Saturday, May 31

Worth reading

  • NYU's Peter Bergen and Paul Cruickshank on declining support for Al Qaeda in the Muslim world, with special attention to the Muslim community in London (New Republic).
  • Roger Winter on the recent fighting in Sudan's Abyei town, and the threat it poses to north-south peace (Enough). The Economist has more on the same.
  • Andrew Cawthorne on the difficult-to-understand Eritrean regime (Reuters).
  • Michael Bratton and Mwangi Kimenyi on the importance of ethnicity for Kenyan voters in last year's elections (Afrobarometer).
  • Michael Tomasky adds his voice to the pro side in the debate over Jim Webb as a Vice Presidential pick. (Guardian).

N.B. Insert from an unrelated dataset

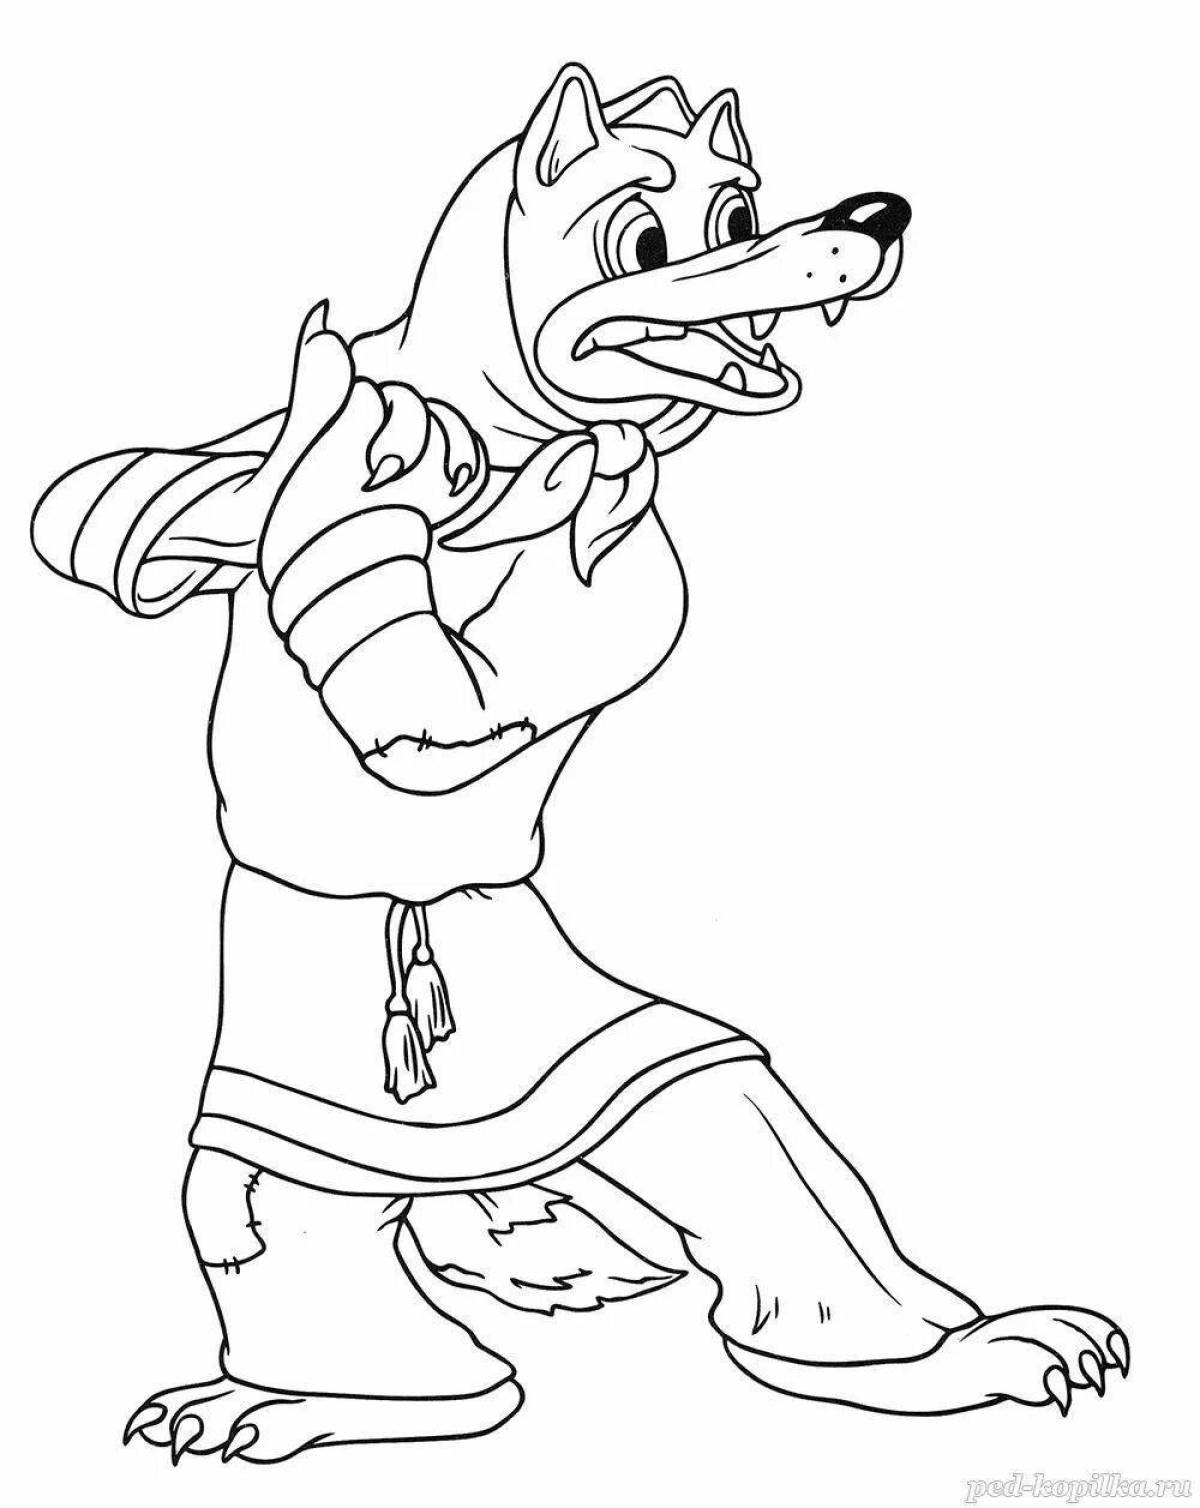 Sweet wolf and seven children coloring page
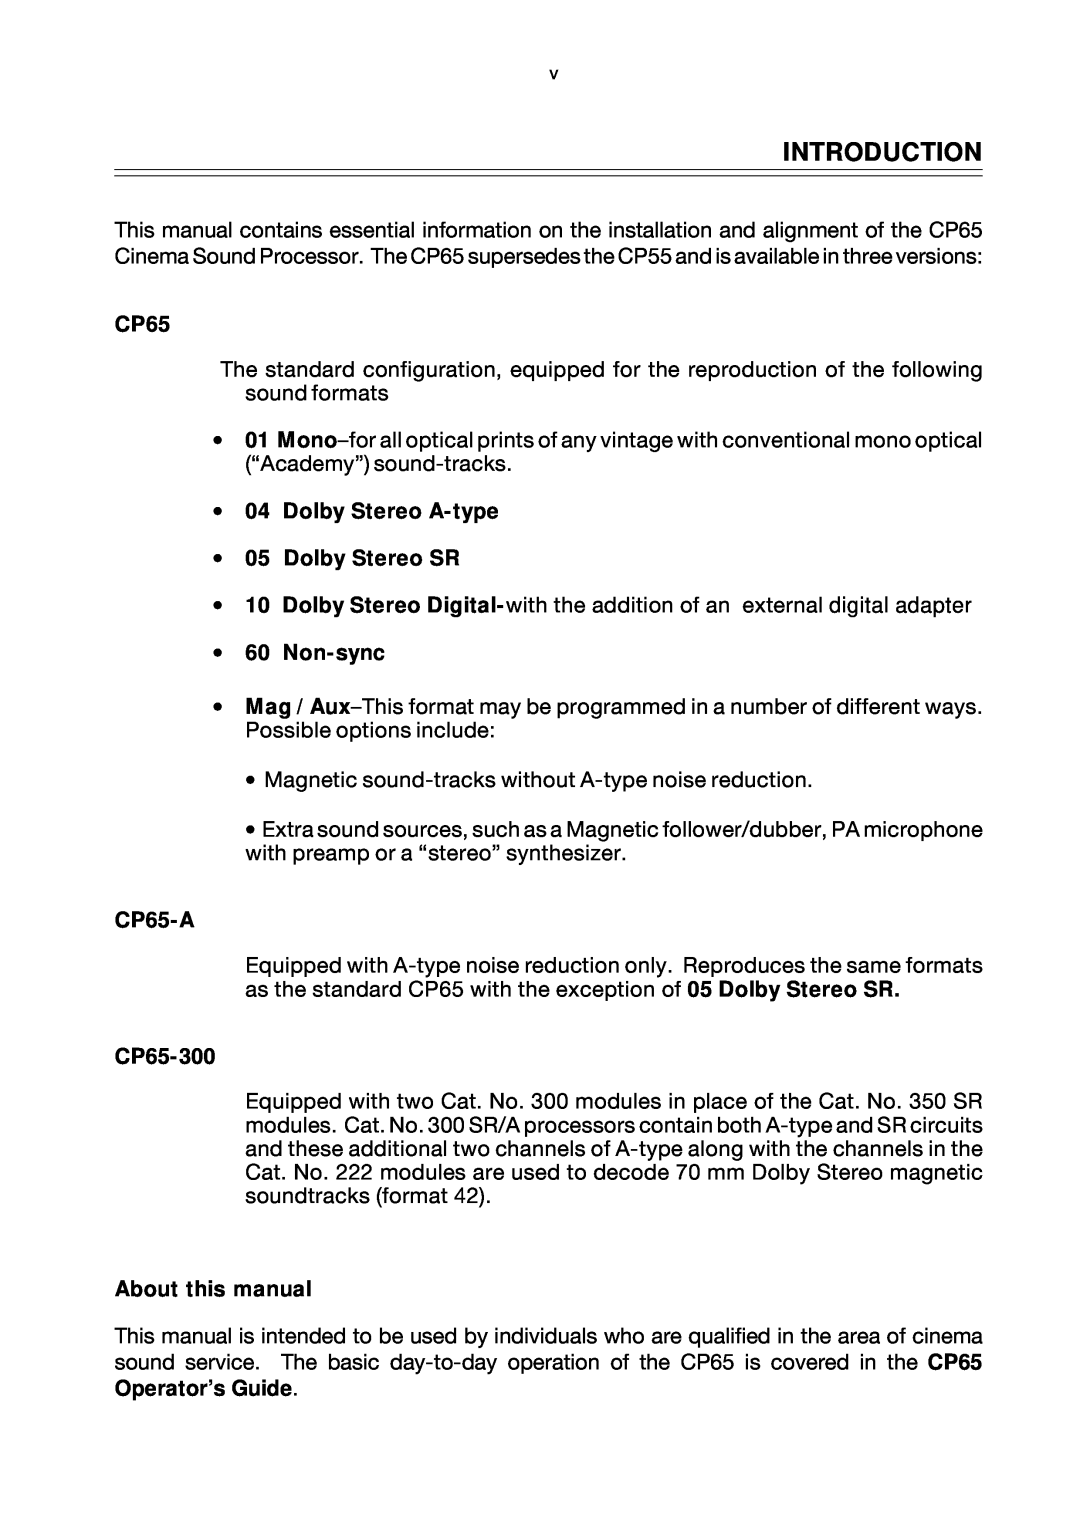 Dolby Laboratories Introduction, Dolby Stereo A-type 05 Dolby Stereo SR, Non-sync, CP65-A, CP65-300, About this manual

  • The Economist on Kuwait's parliamentary elections, and why its neighbors in the Gulf, with their higher growth, don't envy Kuwait's more open democracy. Nathan Brown discusses the poor showing of the moderate Islamist Muslim Brotherhood in the elections (Carnegie Endowment).
  • The Economist on Georgia's parliamentary elections.
  • The State Department has put out its country reports on "advancing freedom and democracy" in 2007, briefly listing the human rights / democracy problems in the countries of the world (not including the U.S.), vaguely describing the small ways in which the U.S. government is trying to change things, and staying quiet on strategic relations with the governments in question.